O deputado João Daniel (PT-SE) também reforçou em seu discurso esse caráter desumano da decisão judicial. Segundo o parlamentar, ao determinar a ação de despejo, a Justiça desconsiderou a Resolução n.º 10, de 17 de outubro de 2018, do Conselho Nacional de Direitos Humanos, que dispõe sobre soluções garantidoras de direitos e medidas preventivas em situações de conflitos coletivos rurais e urbanos. Ele também lembrou que o Brasil é signatário de diversos tratados internacionais, como o Pacto Internacional sobre Direitos Econômicos, Sociais e Culturais, que foi adotado pela XXI Sessão da Assembleia-Geral das Nações Unidas, em 19 de dezembro de 1966.
“Esse acordo prevê que seus membros devem trabalhar para a concessão de direitos econômicos, sociais e culturais, incluindo os direitos de trabalho, à saúde, à educação e à um padrão de vida adequado. A resolução tem como objetivo orientar as autoridades e instituições públicas que tratam de situações de conflitos coletivos possessórios. São medidas que devem ser adotadas para a não violação de determinada coletividade.

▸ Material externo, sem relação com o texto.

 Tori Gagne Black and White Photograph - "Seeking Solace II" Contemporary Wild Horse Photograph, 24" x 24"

O juiz, que é um dos endereçados dessa resolução, deverá adotar e considerar uma série de medidas de acordo que sejam pautadas em seu conteúdo o cumprimento da função social da terra, que está garantido em Constituição Federal”, explicou João Daniel.
O deputado Padre João (PT-MG), que também participou da visita, destacou a relevância da diligência feita pelos parlamentares com o objetivo de fazer um contraponto à injustiça cometida contra as famílias. “Foi uma ação muito importante. Fica claro que existe um setor do Judiciário que é elitista, é ruralista e não respeita, de fato, os povos e comunidades tradicionais. Então, é um setor do Judiciário que vem promovendo a verdadeira injustiça no campo e na cidade”, afirmou.

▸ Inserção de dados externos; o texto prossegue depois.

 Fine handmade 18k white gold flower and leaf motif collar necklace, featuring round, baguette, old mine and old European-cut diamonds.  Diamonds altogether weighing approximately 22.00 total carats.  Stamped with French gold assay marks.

Também participaram da diligência os deputados Adelmo Leão (PT-MG) e Marcon (PT-RS); o deputado estadual Rogério Correia (PT-MG), que se elegeu deputado federal nas últimas eleições; o deputado Cristiano Silva (PT-MG), presidente da Comissão de Direitos Humanos da Assembleia Legislativa; e a deputada estadual eleita Beatriz Cerqueira (PT-MG).
Ocupação – As famílias vivem na área da usina falida Ariadnópolis, da Companhia Agropecuária Irmãos Azevedo (Capia), que encerrou suas atividades em 1996. Calcula-se que a empresa possua dívidas trabalhistas que ultrapassam R$ 300 milhões. Com a decisão judicial, podem ser destruídos 1.200 hectares de lavoura de milho, feijão, mandioca e abóbora, 40 hectares de horta agroecológica e 520 hectares de café. São criados ainda 1.200 bovinos, além de porcos e galinhas.

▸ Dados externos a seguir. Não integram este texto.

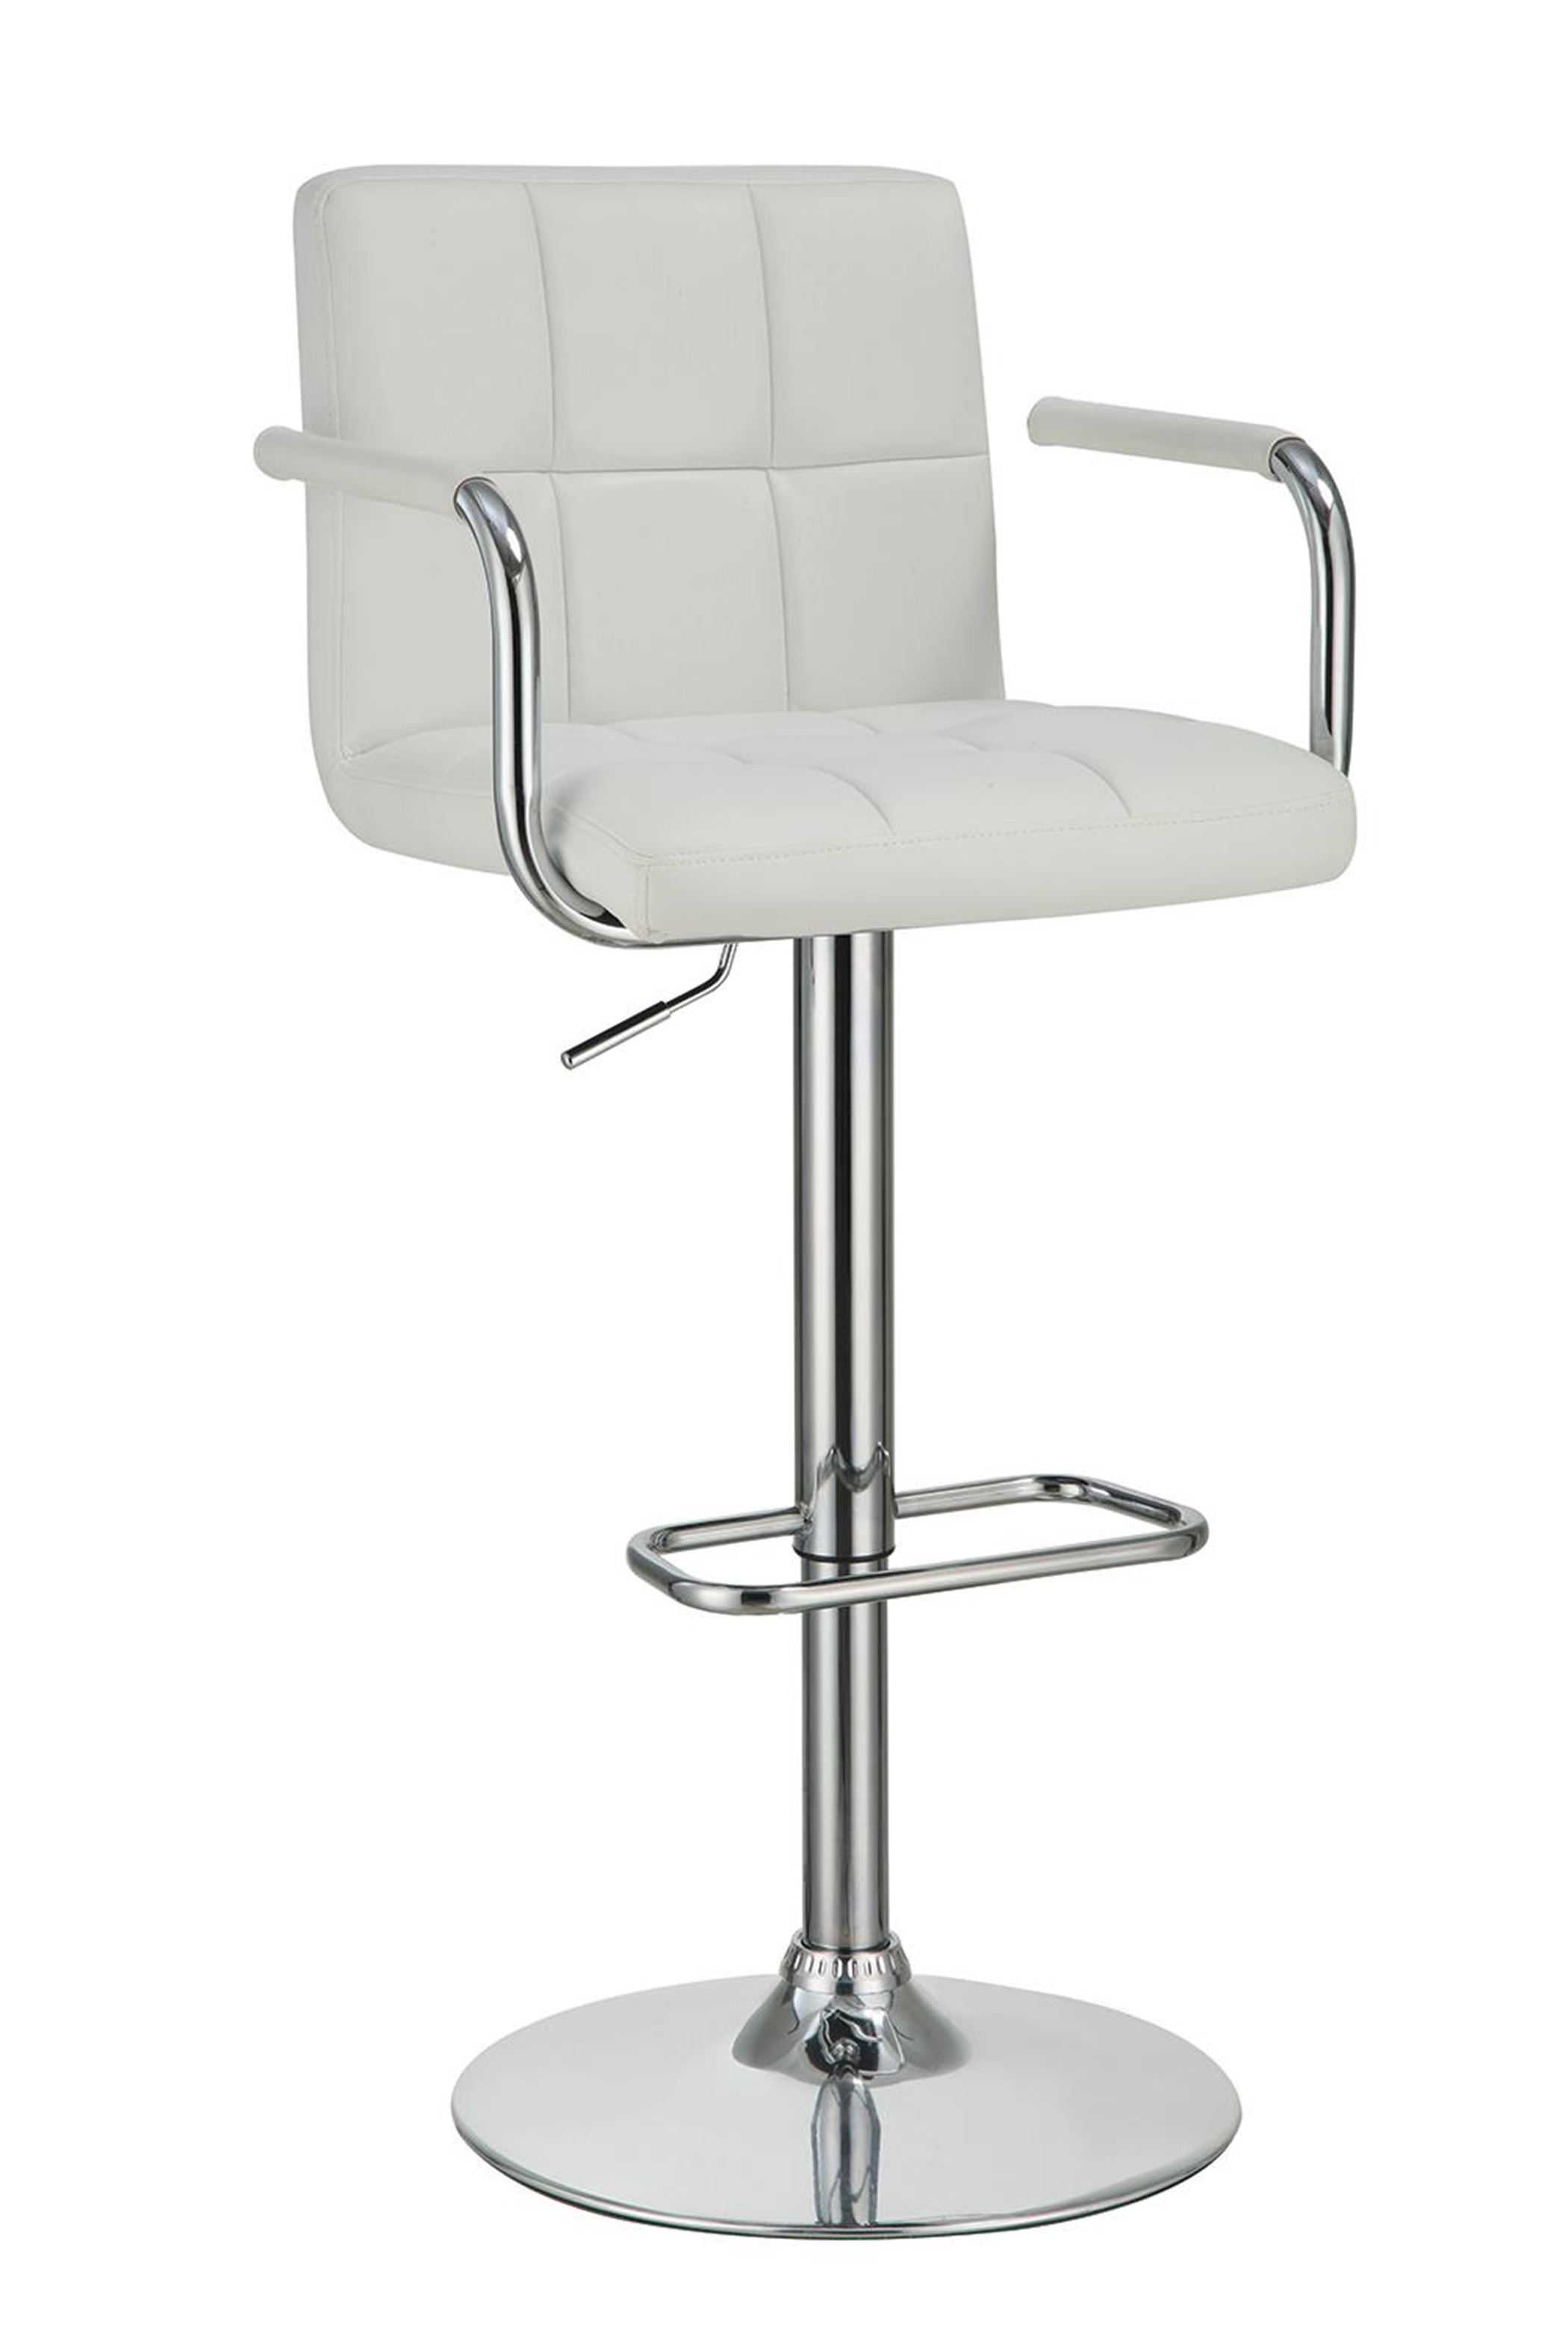 Contemporary White and Chrome Adjustable Bar Stool with Arms - Click Image to Close

Em 2015, a usina teve a falência transitada em julgado e, no mesmo ano, o governo estadual publicou um decreto que transformava o local em área de interesse social. Também em 2015, um decreto estadual previu a desapropriação de 3.195 hectares da usina, mediante o pagamento de R$ 66 milhões à Capia. Há dois meses, as famílias do Quilombo Campo Grande firmaram um acordo em que o estado se comprometia a pagar o valor em cinco parcelas. Mas, acionistas da empresa com o apoio de ruralistas e latifundiários da região, não aceitaram o acordo.
O grupo levou o caso para a Justiça, contra o governo de Minas Gerais, pedindo anulação do decreto que já havia sido validado por dois julgamentos. Os empresários retomaram uma liminar de despejo de 2012 referente à falência da usina e que estava parada há mais de um ano. Foi essa a liminar aprovada no dia 7 de novembro. Já aconteceram 11 despejos na área, mas apenas parciais. É a primeira vez que um mandado determina o despejo de toda a área.